Dixon Chibanda is also Director of the African Mental Health Research Initiative (AMARI)
Christiane Hoppmann, PhD
Social Relationship Dynamics and Health in Old Age: Evidence from Daily Life Assessments
Dr. Christiane Hoppmann is Professor and Canada Research Chair in Psychology at the University of British Columbia, Vancouver, Canada and Associate Dean, Research and Graduate Studies, in the Faculty of Arts. Her research examines when and for whom social relationships and goals promote or undermine health and wellbeing. Her work captures everyday processes using daily life assessments of subjective experiences (‘time-sampling’) in combination with stress markers and health behaviors. She seeks to better understand how everyday processes accumulate to shape longer term health outcomes across the adult lifespan and into old age. Her work has attracted several awards (e.g. Killam Faculty Research Prize, Michael Smith Scholar Award, American Psychological Association, Division 20 and Gerontological Society of America Early Career Awards). Dr. Hoppmann gratefully acknowledges funding from the Canadian Institutes of Health Research, the Vancouver Foundation, the Heart and Stroke Foundation of Canada, and the Social Sciences and Humanities Council of Canada.

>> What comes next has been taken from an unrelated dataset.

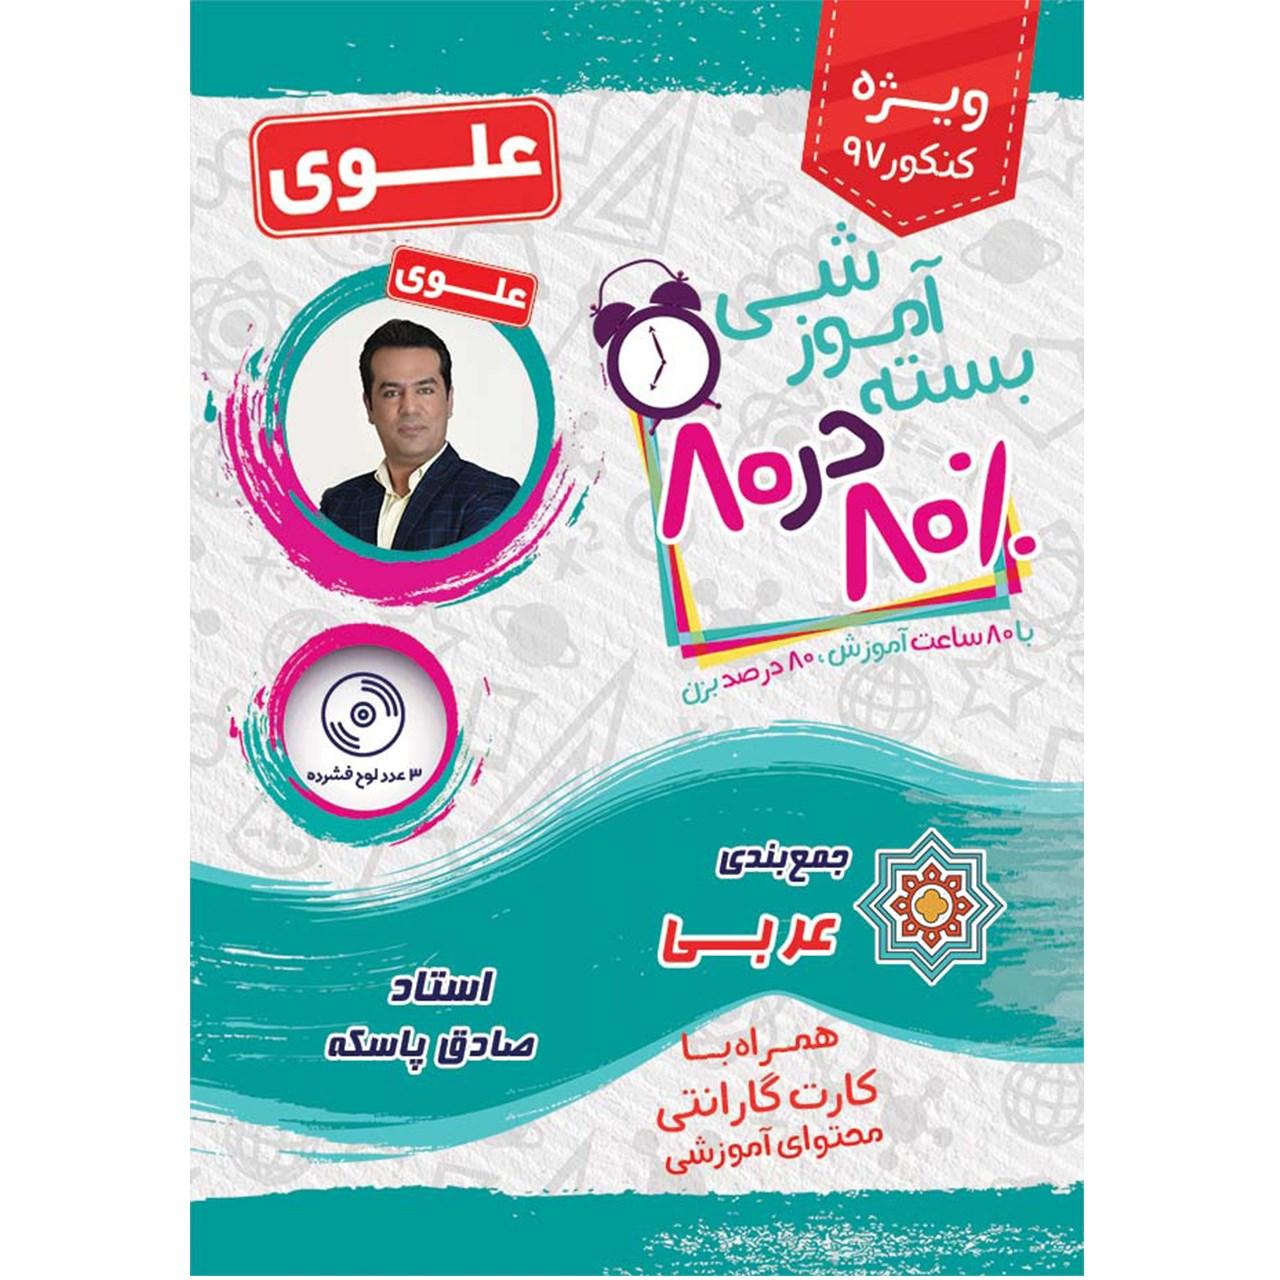 بسته  آموزشی زبان عربی 80 در 80 نشر علوی فرهیخته

Leticia Nogueira, PhD, MPH
Climate-driven Challenges in Healthcare Delivery
Leticia Nogueira, PhD, MPH, is Senior Principal Scientist in the Surveillance and Health Equity Science Department at the American Cancer Society and holds an Adjunct Professor position at the Rollins School of Public Health, Emory University.

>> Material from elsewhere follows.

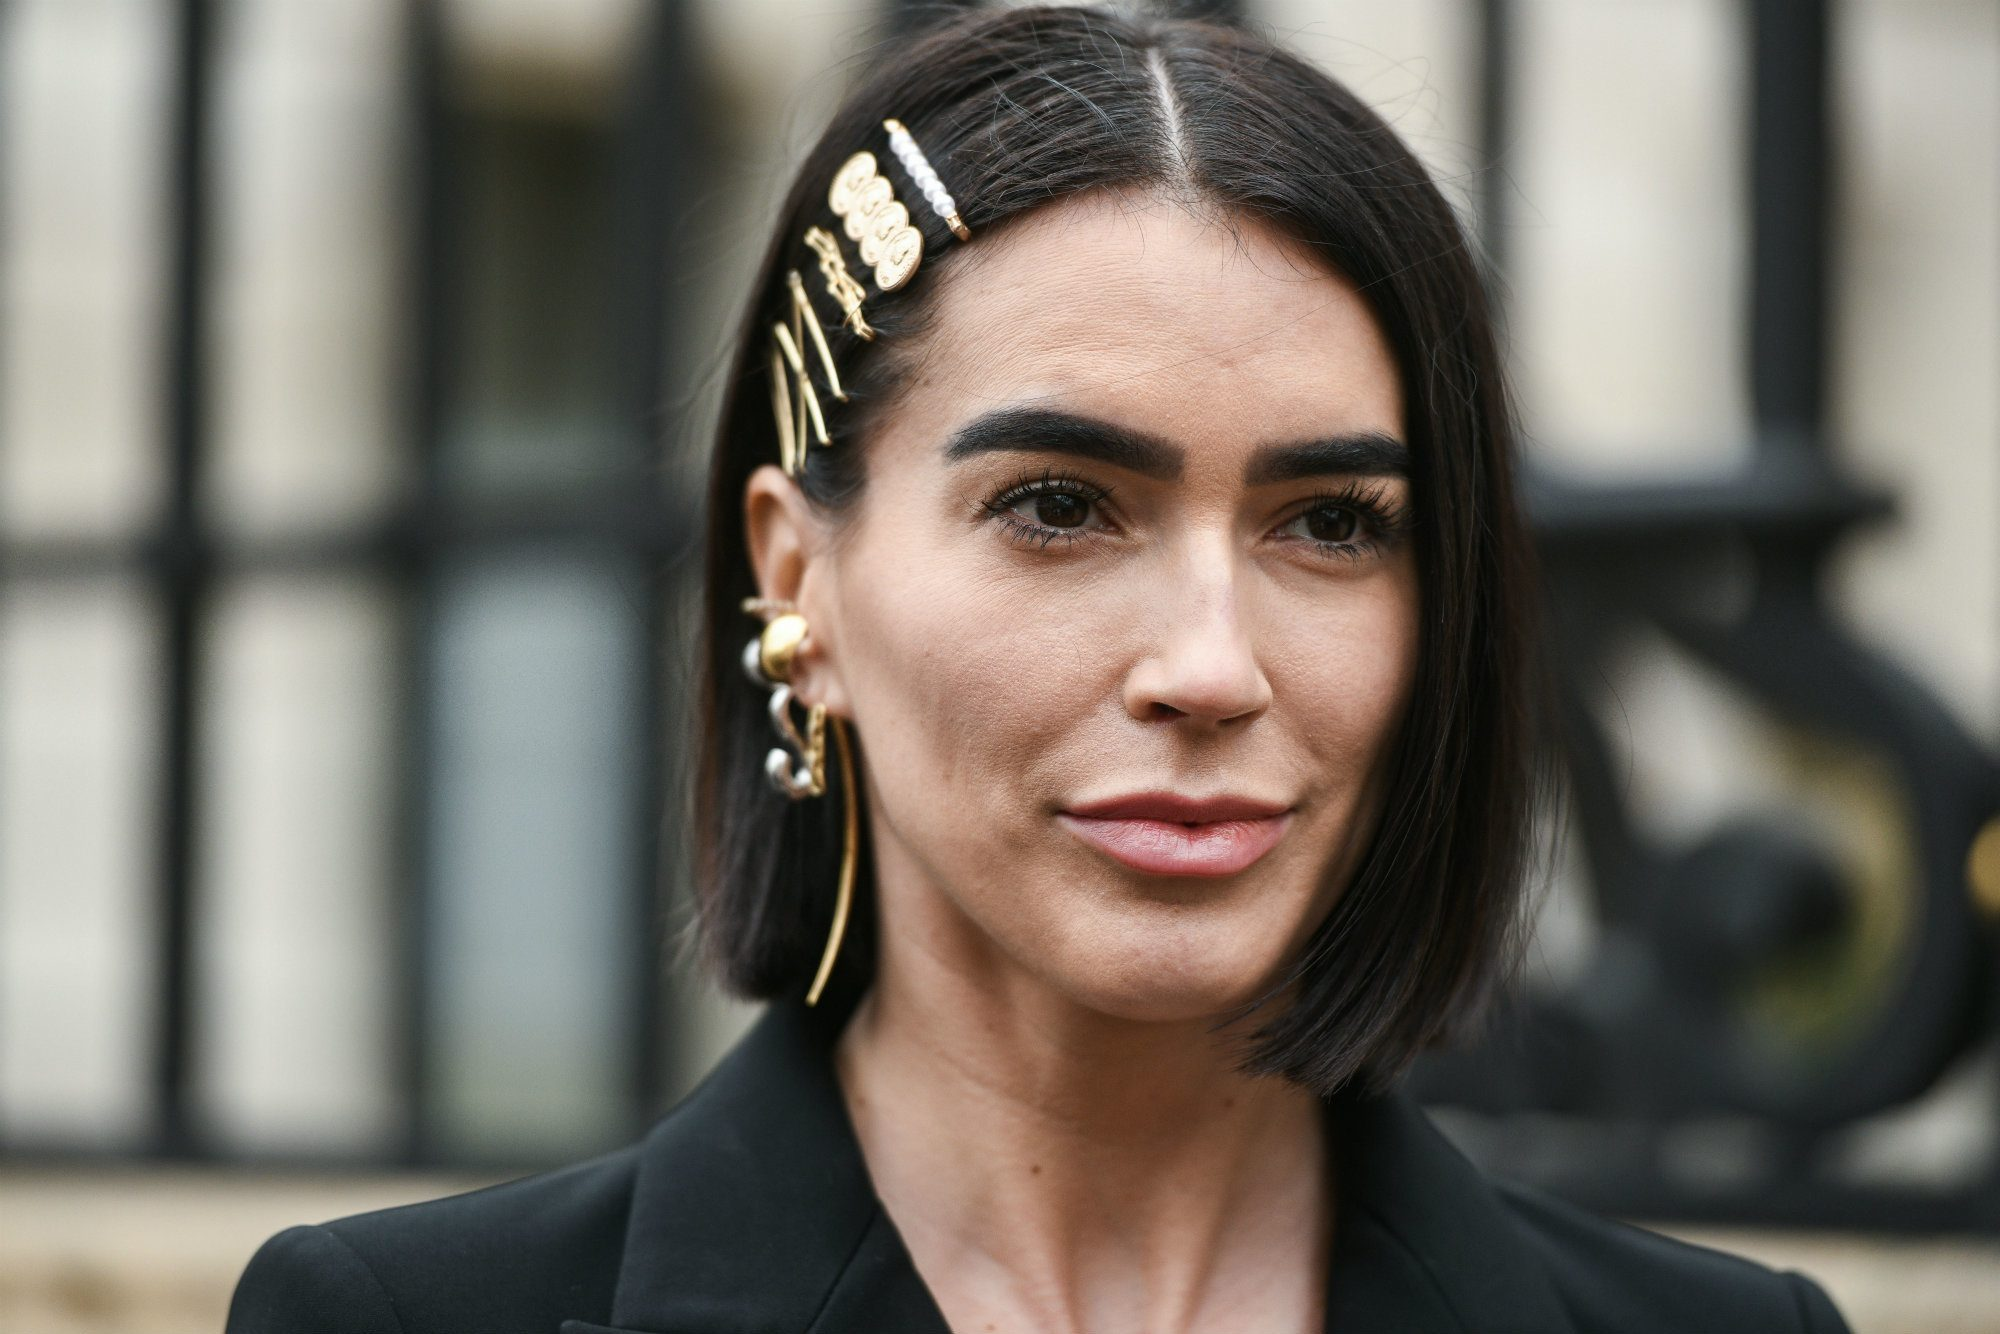 mujer joven peinada con hebillas para el pelo corto

Dr. Nogueira’s research focuses on disparities in cancer care and outcomes that can be addressed by policy changes, with a focus on climate change and structural racism.
Dr. Nogueira earned her doctoral degree from the University of Texas at Austin and her Master of Public Health from the Harvard School of Public Health. She received the Fellows Award for Research Excellence from the National Institutes of Health in 2014, the Woman in Cancer Research Award in 2013, and the Minority Scholar in Cancer Research Award in 2010, both from the American Association for Cancer Research. In 2018, Dr. Nogueira was inducted into the University of Texas College of Natural Sciences Hall of Honors and in 2020, she received the Outstanding Young Alumni Award from the University of Texas at Austin.
Josée Savard, PhD
Is it possible to implement a psychological intervention in routine cancer care? The example of cancer-related insomnia.
Josée Savard, Ph.D., is a professor of psychology at Université Laval (Québec, Canada) and researcher at the CHU de Québec-Université Laval Research Center and Université Laval Cancer Research Center and a clinical psychologist specialized in cognitive-behavioural therapy and psycho-oncology. Her research projects are mainly centered on the psychological aspects of cancer and the efficacy and accessibility of cognitive-behavioural interventions for improving patients’ quality of life. More specifically, she is recognized as an international leader in the study of cancer-related insomnia. In 2022, she was elected fellow of the Canadian Association of Cognitive and Behavioural Therapies and, in 2020, she received the Distinguished International Affiliate award of the Society for Health Psychology of the American Psychological Association (division 38). In 2020, she co-edited the Handbook of Sleep Disorders in Medical Conditions, which received the PROSE award of the Association of American Publishers for the best handbook in medicine and clinical science.